From the listing below, reproduce exactly the lines starting with the one with "motor custom gpx legend 150 malaysia" and going on through the one with "Cadillac Family Physicians Aj Papin", both ends kept. No picture is copied.

• **EXTRACTED ENTRIES**:
------------------------------------------------------------------------

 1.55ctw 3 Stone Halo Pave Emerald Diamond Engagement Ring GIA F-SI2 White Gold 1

------------------------------------------------------------------------

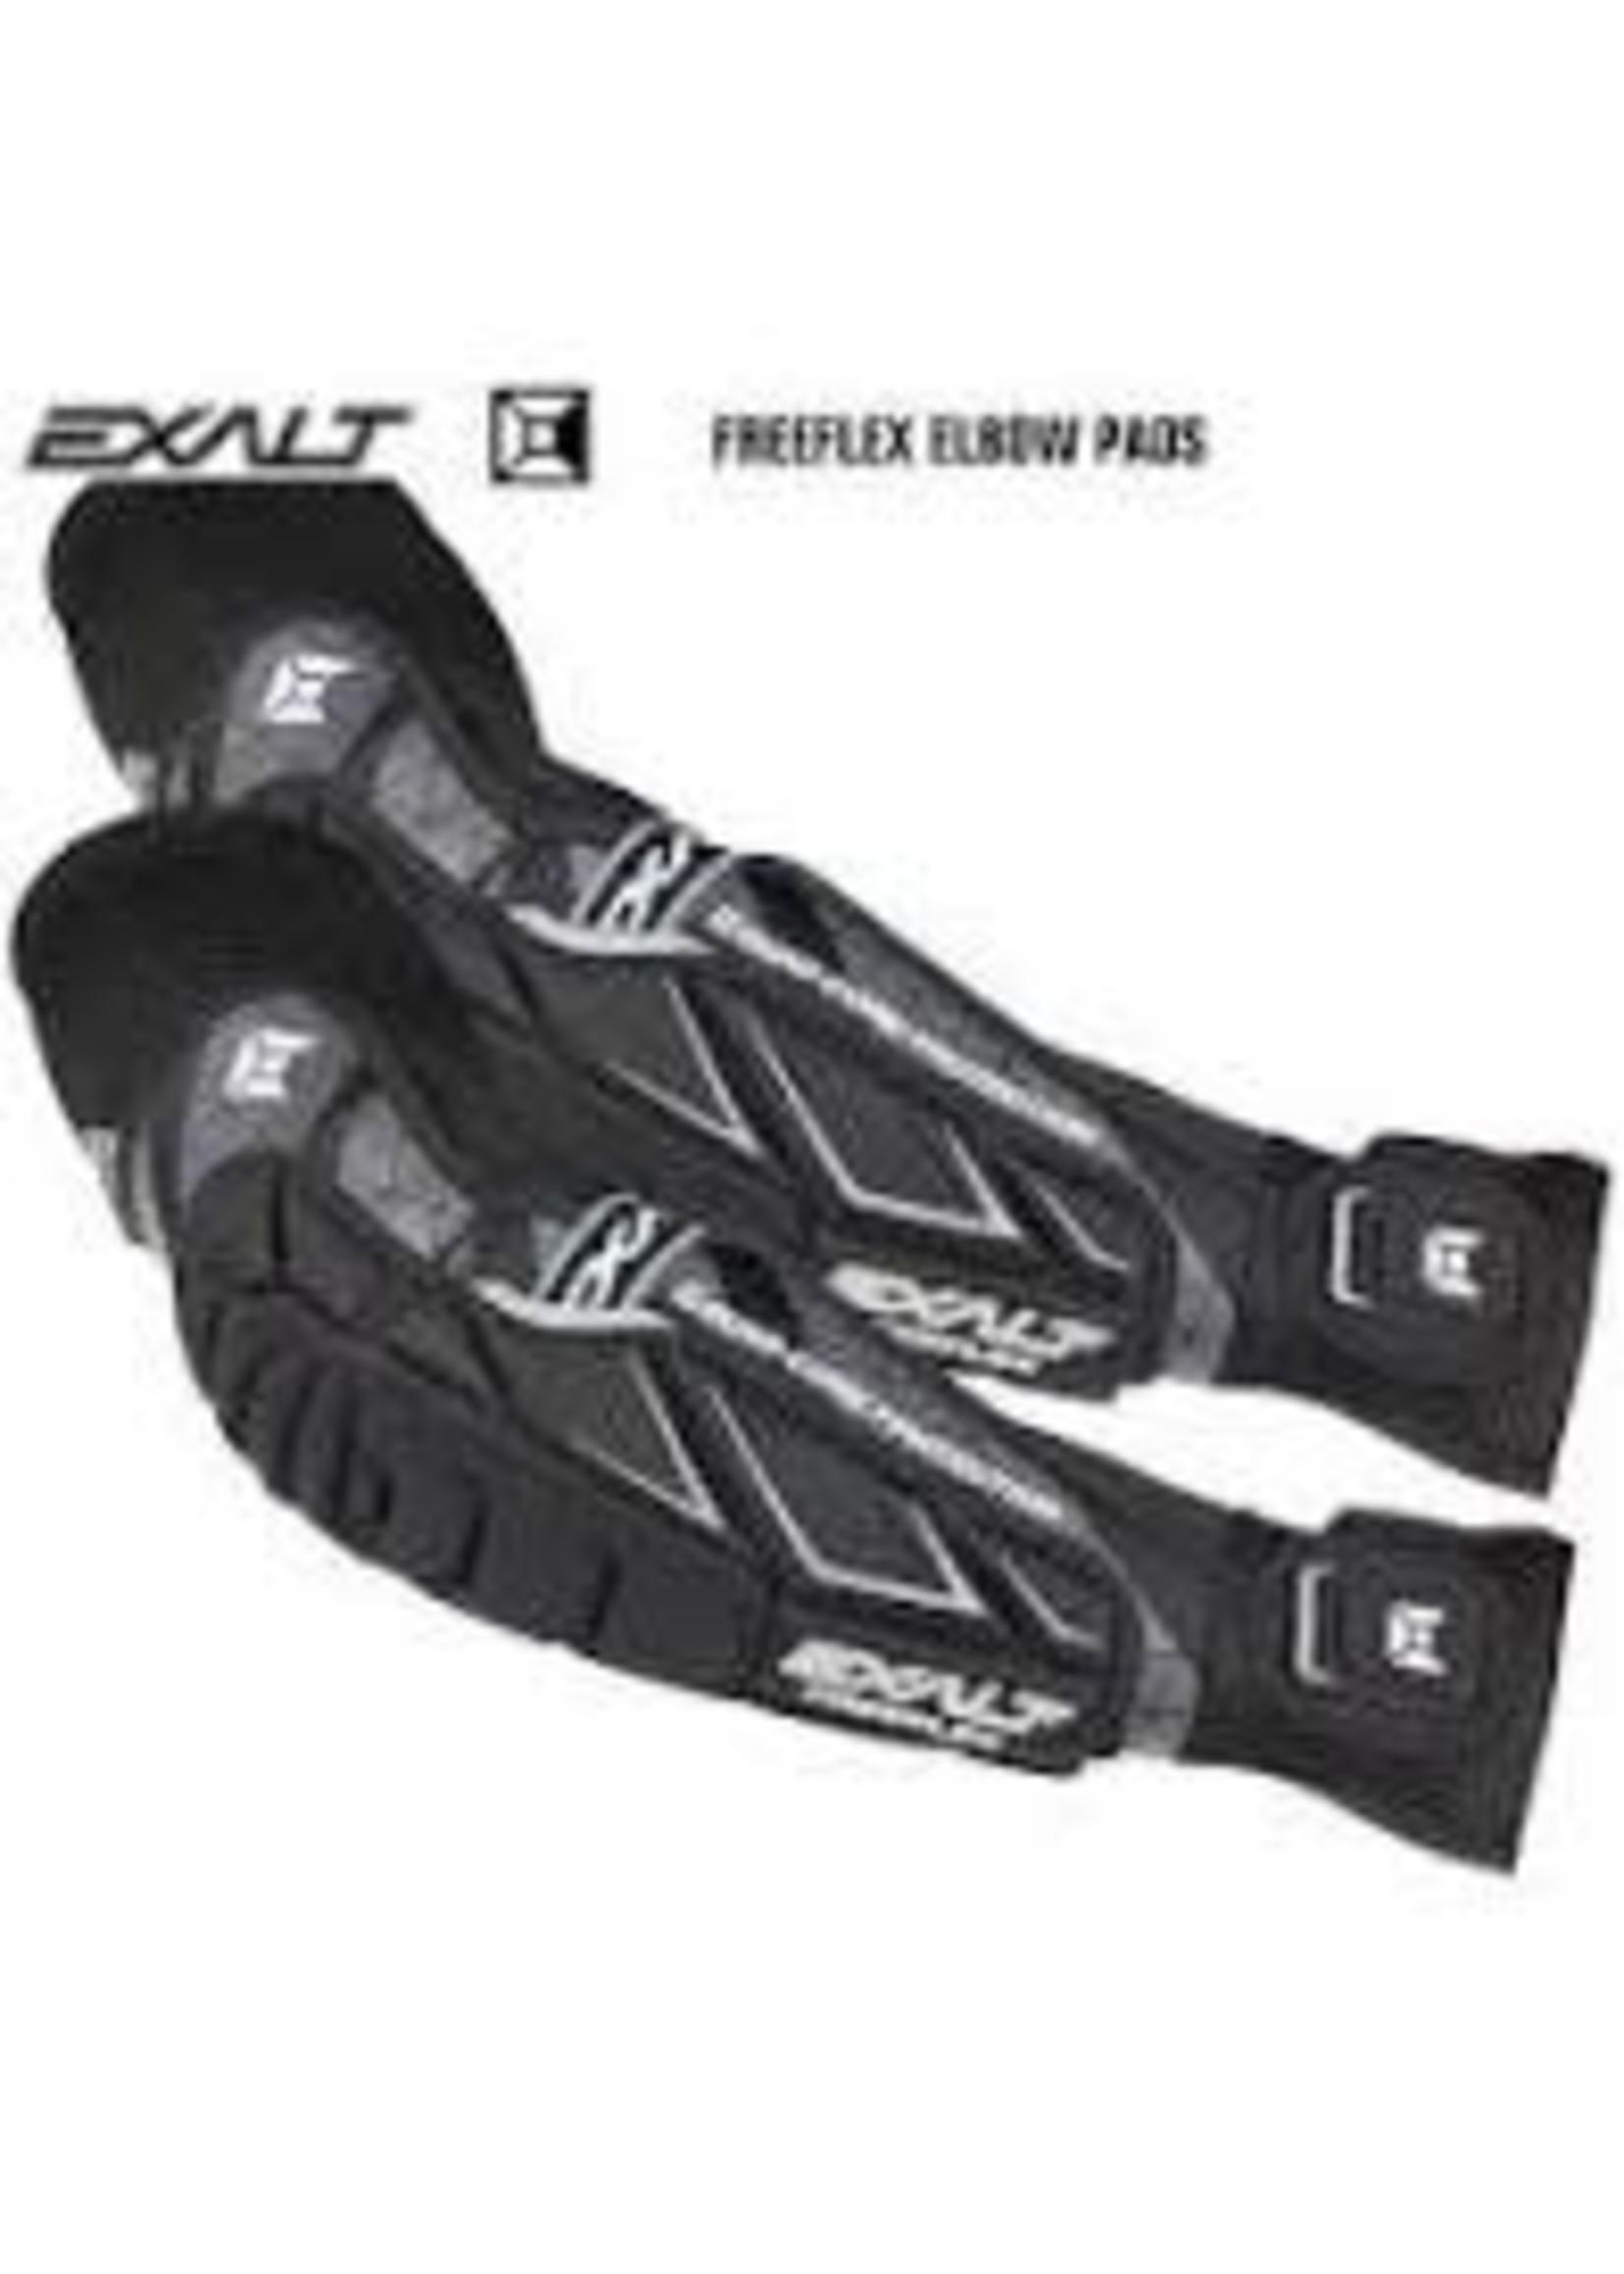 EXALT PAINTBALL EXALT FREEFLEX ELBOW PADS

------------------------------------------------------------------------

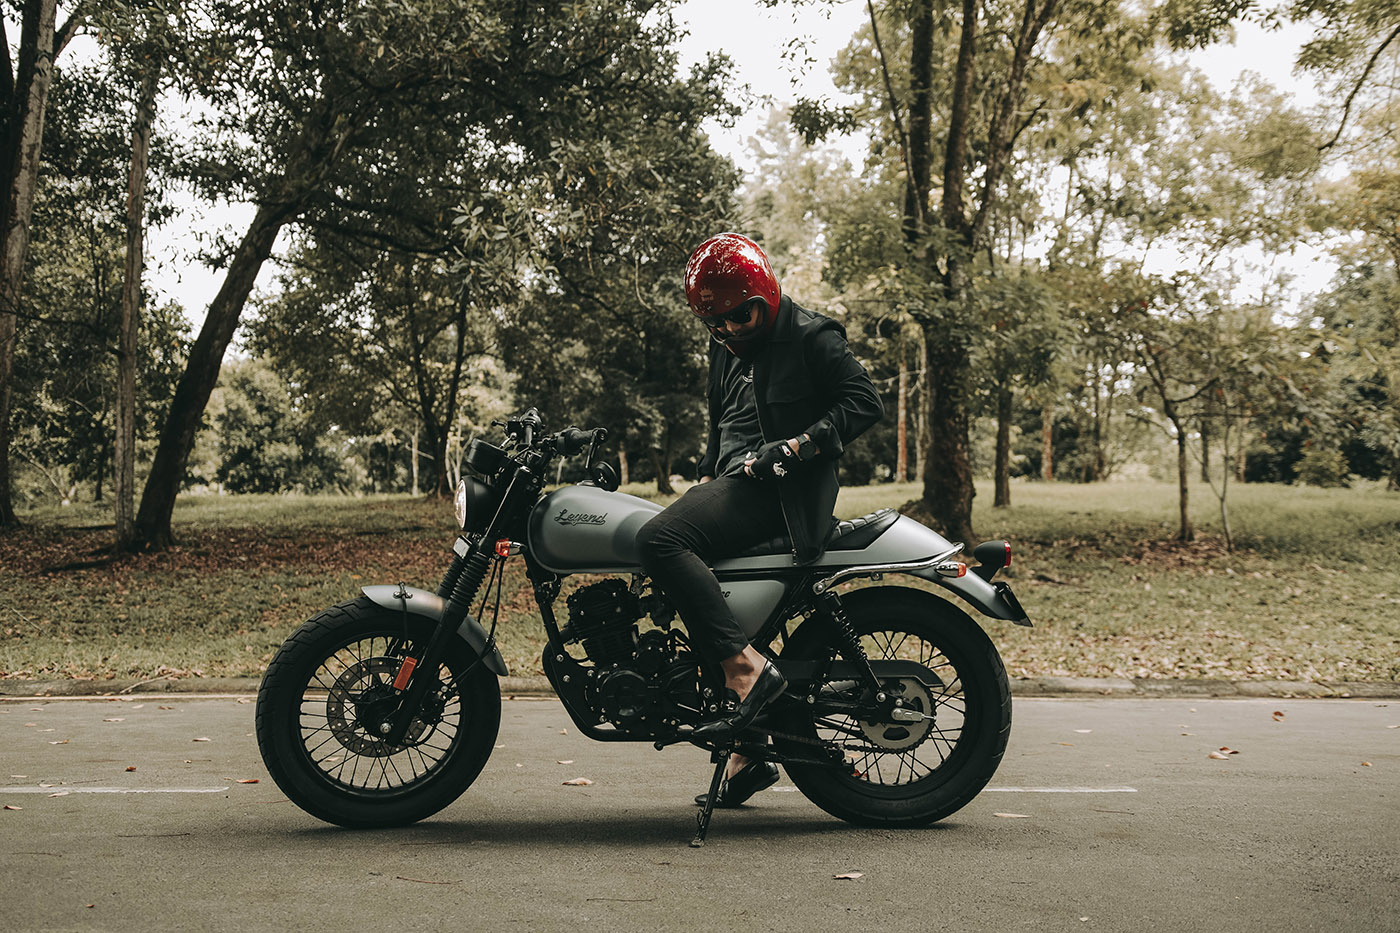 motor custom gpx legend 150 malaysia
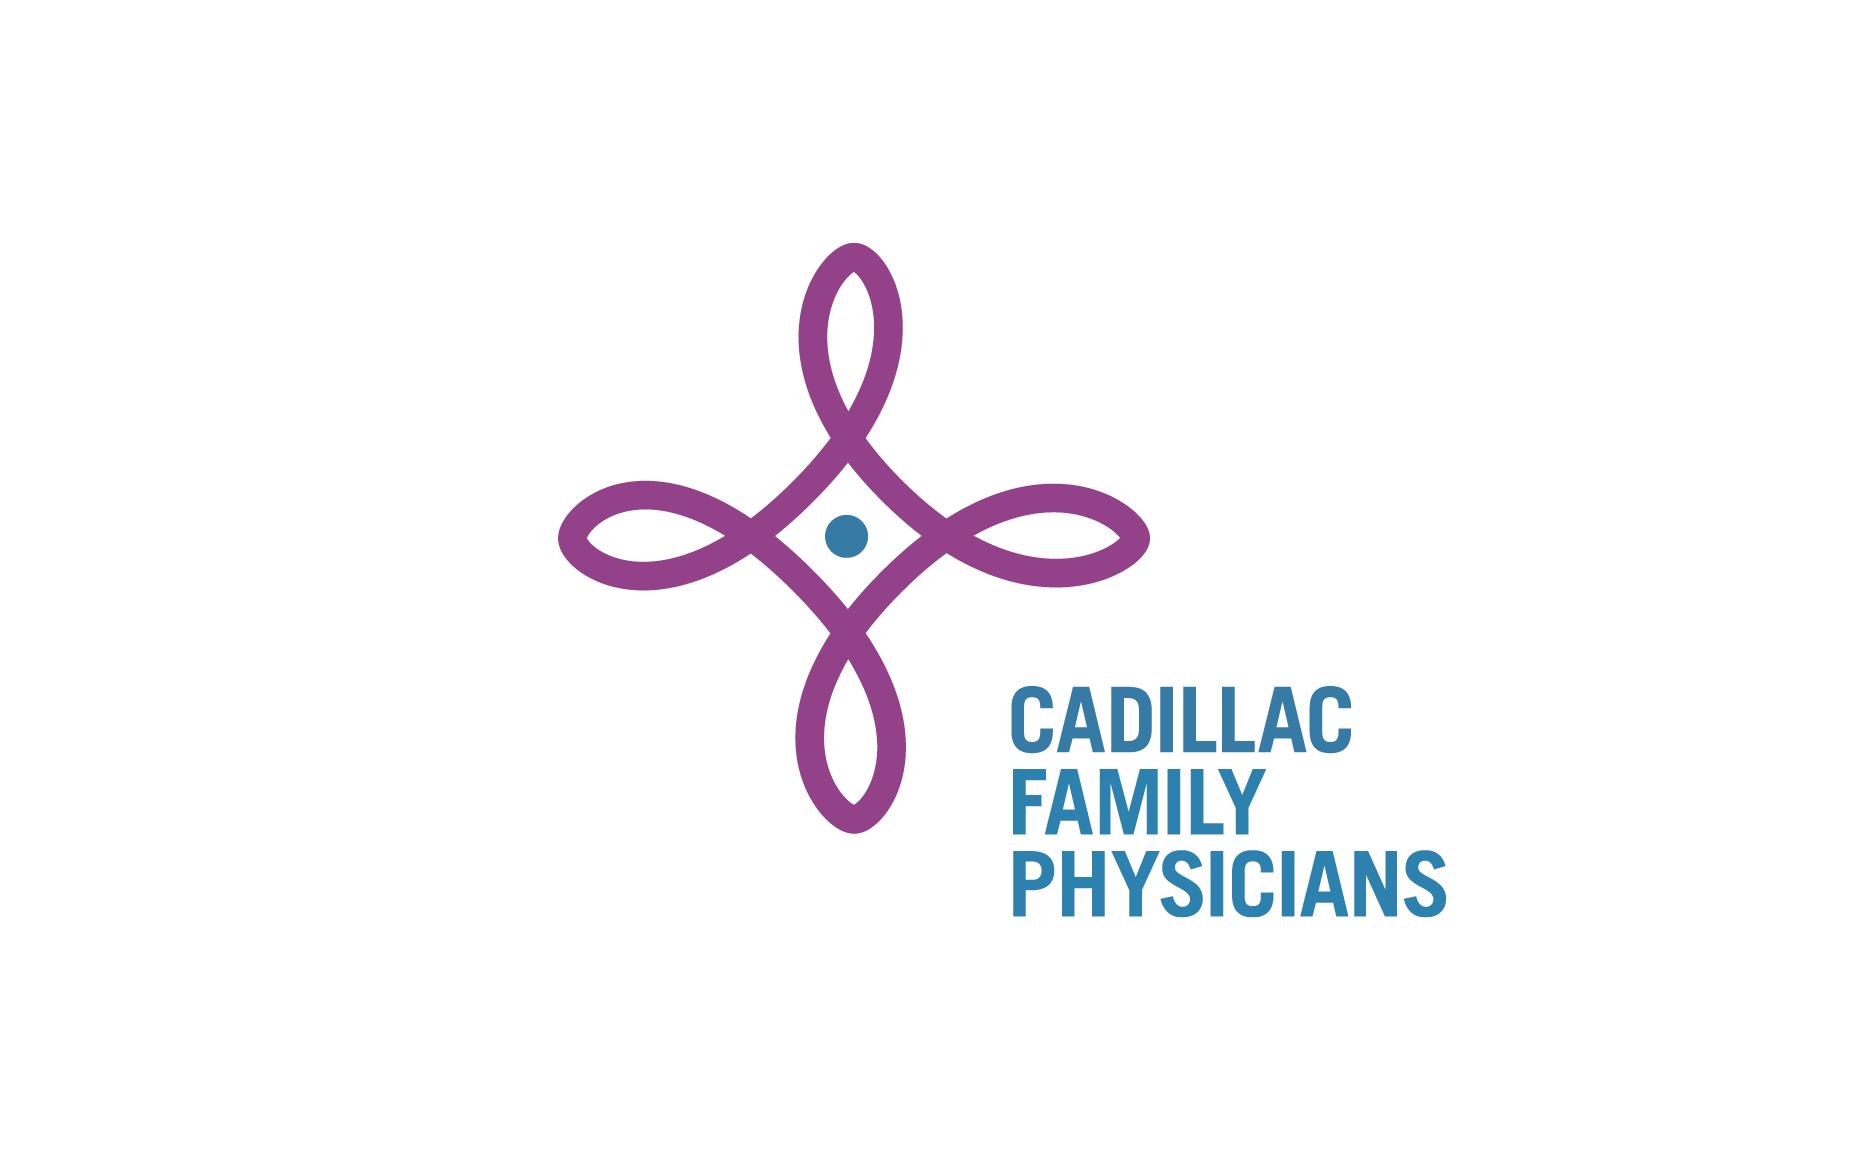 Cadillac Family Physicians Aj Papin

------------------------------------------------------------------------

• **TASK RESULT**:
 motor custom gpx legend 150 malaysia
 Cadillac Family Physicians Aj Papin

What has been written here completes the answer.